■ Recorded information
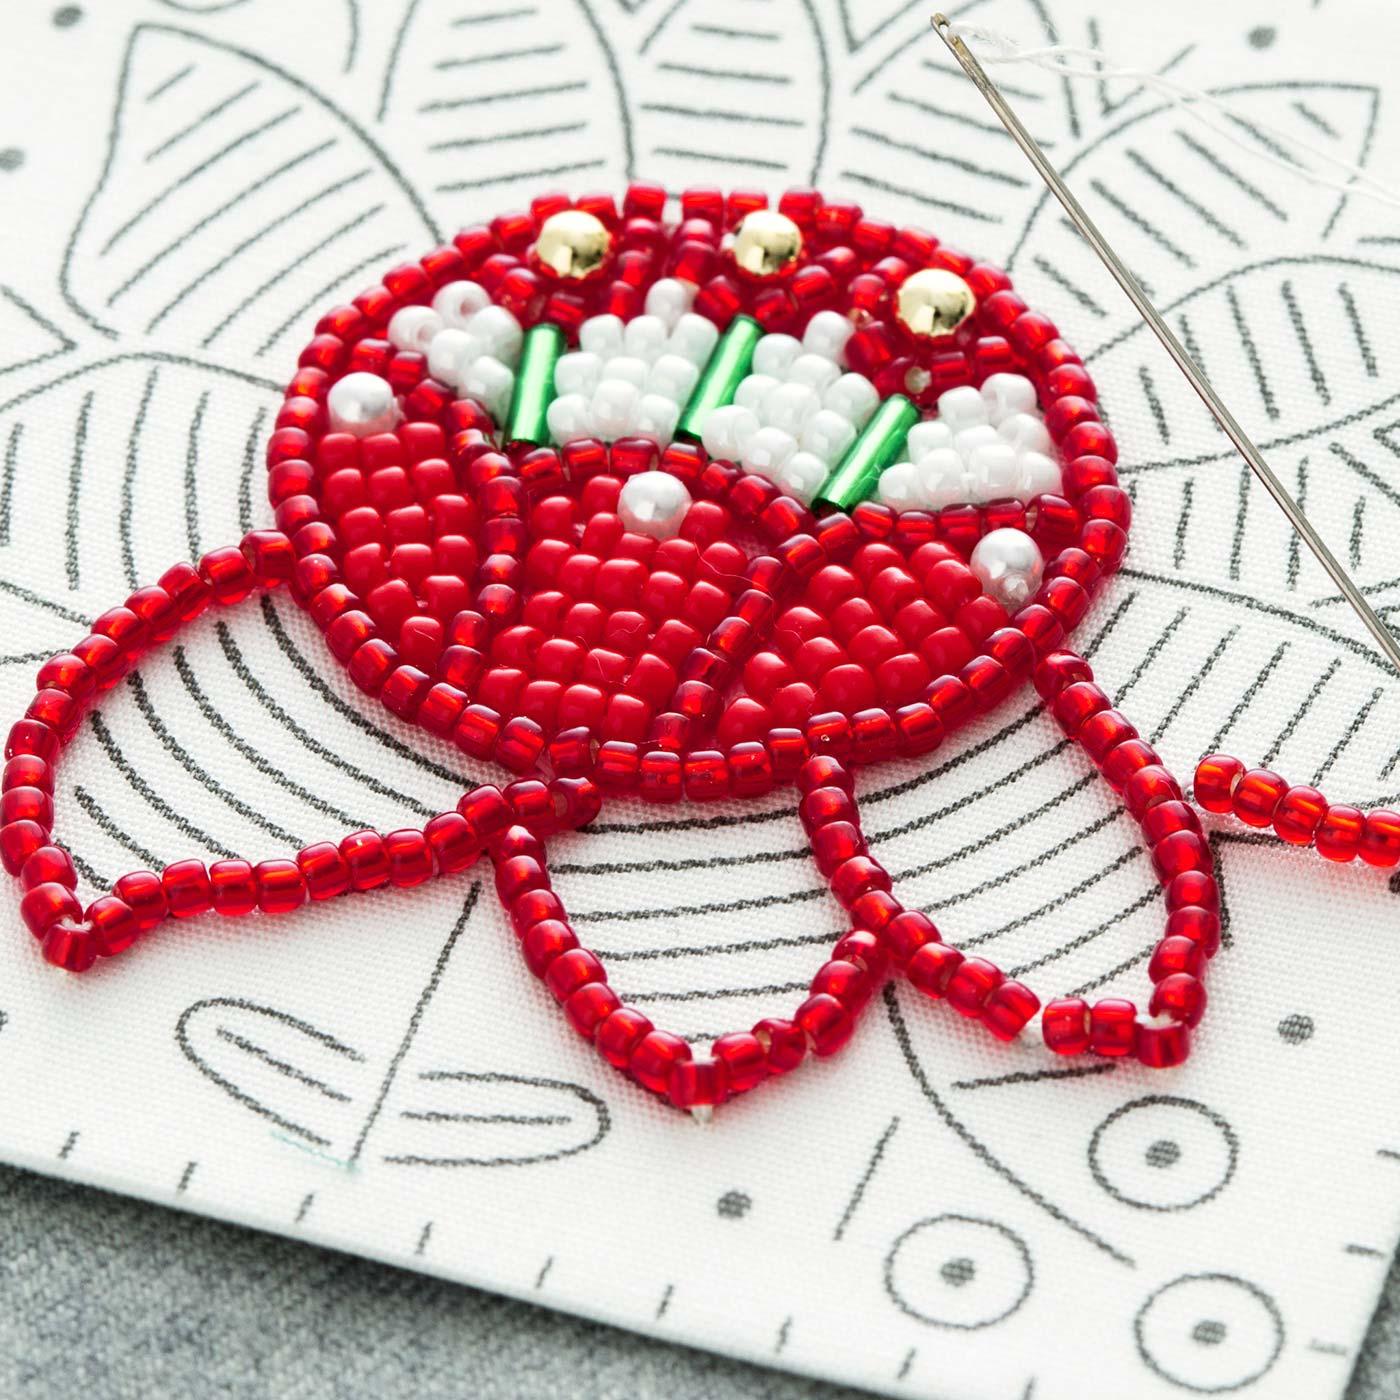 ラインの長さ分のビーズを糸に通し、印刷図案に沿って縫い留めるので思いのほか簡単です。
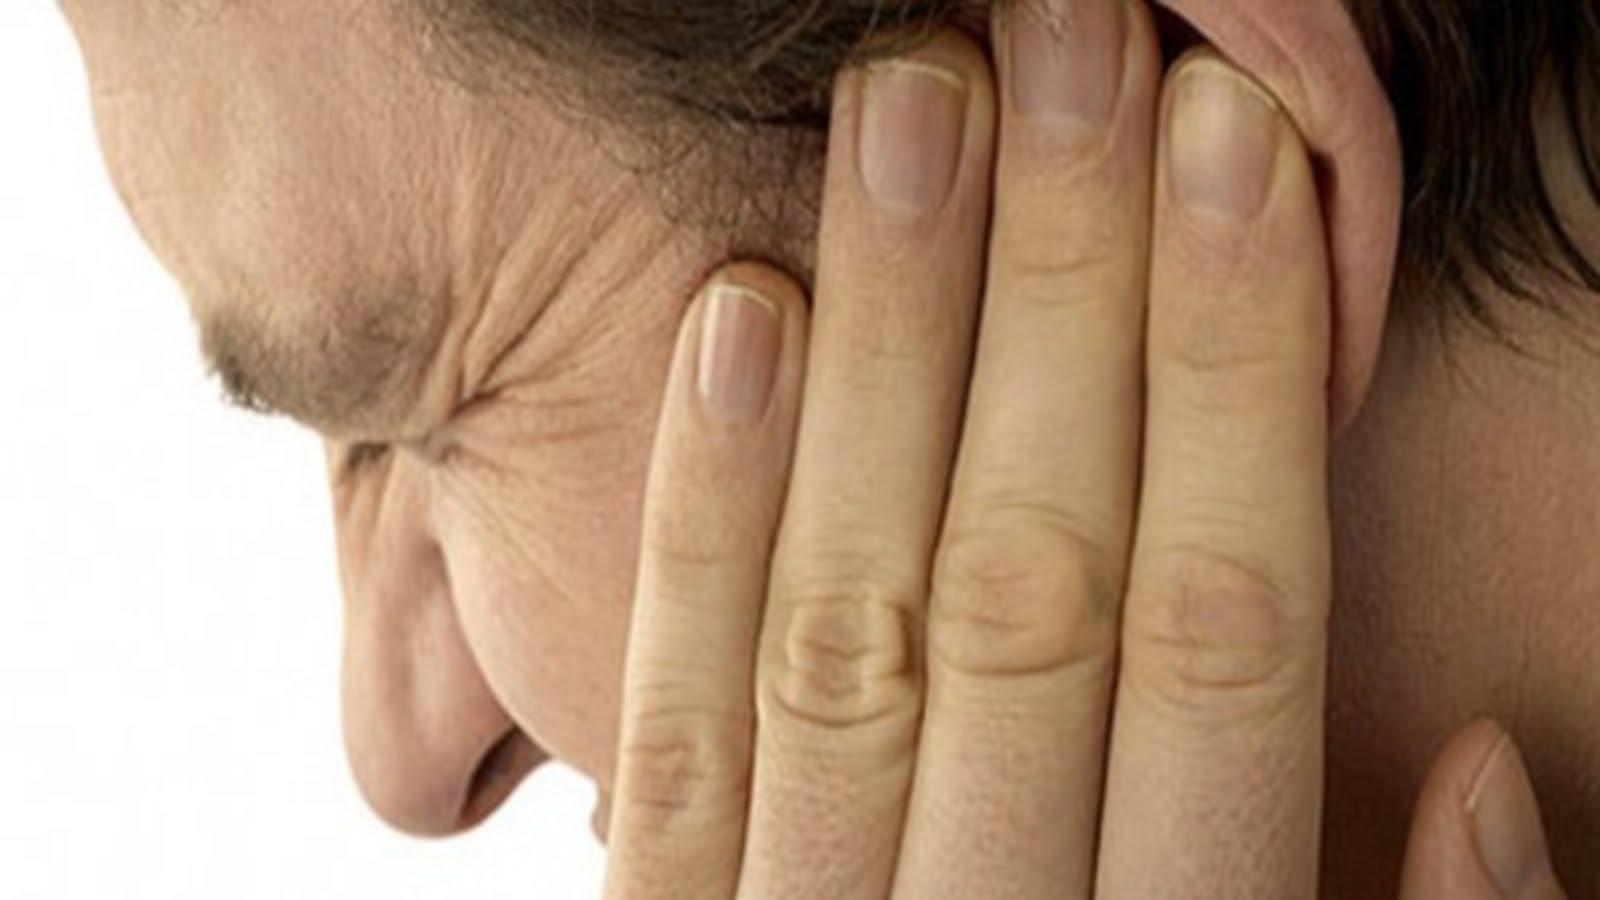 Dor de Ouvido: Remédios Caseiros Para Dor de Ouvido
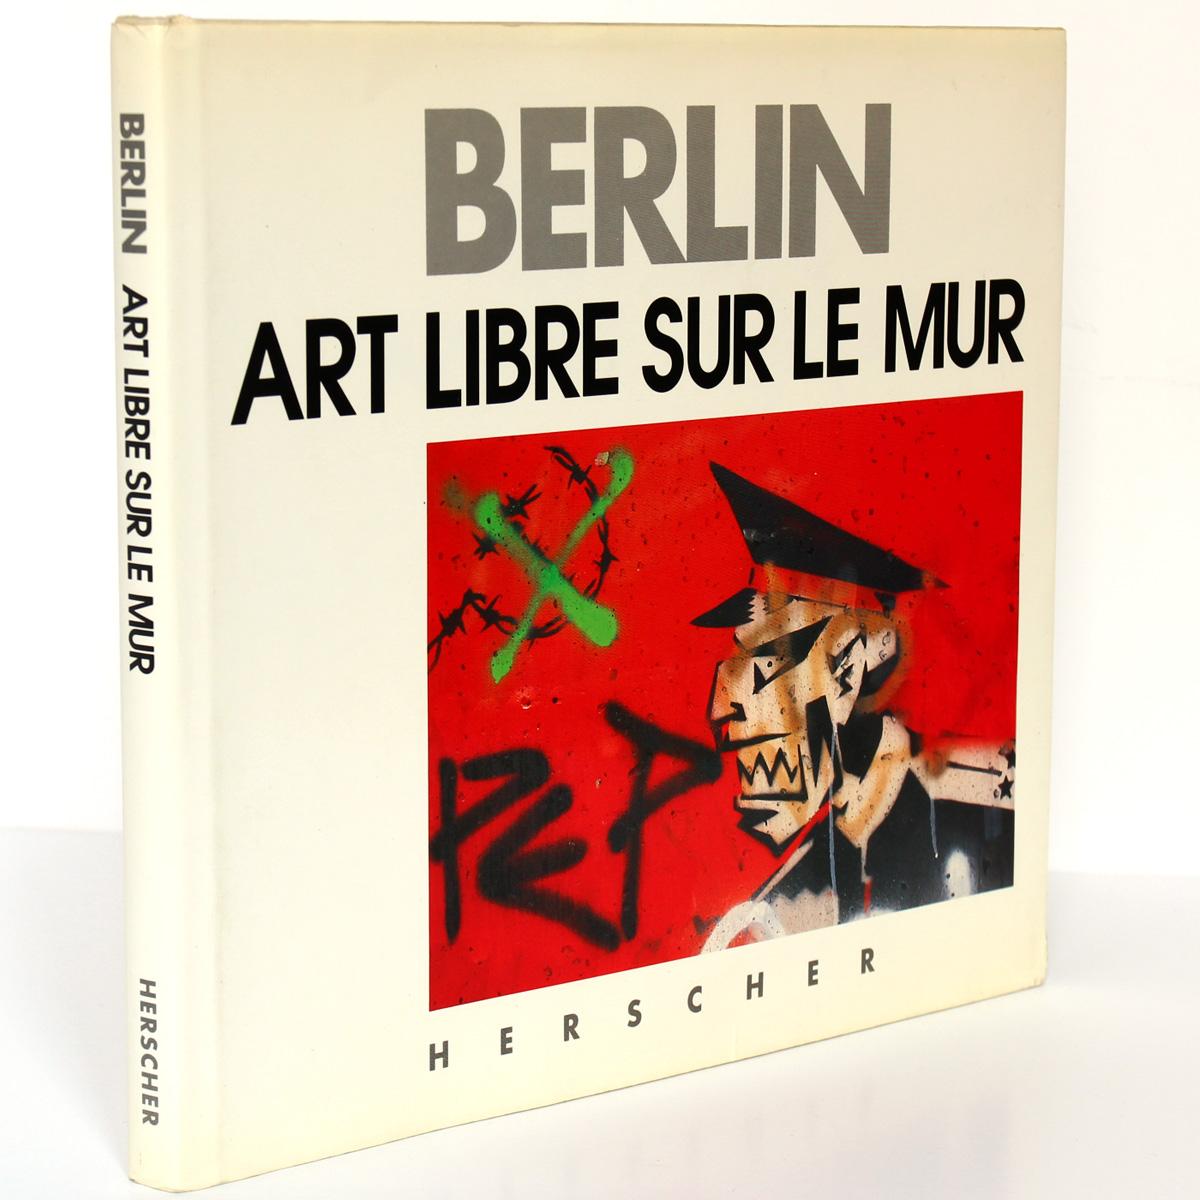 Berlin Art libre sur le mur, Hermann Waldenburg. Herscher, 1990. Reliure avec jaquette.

■ What to produce
Give back all the data exactly, minus pictures.

■ Problem solution
 ラインの長さ分のビーズを糸に通し、印刷図案に沿って縫い留めるので思いのほか簡単です。
 Dor de Ouvido: Remédios Caseiros Para Dor de Ouvido
 Berlin Art libre sur le mur, Hermann Waldenburg. Herscher, 1990. Reliure avec jaquette.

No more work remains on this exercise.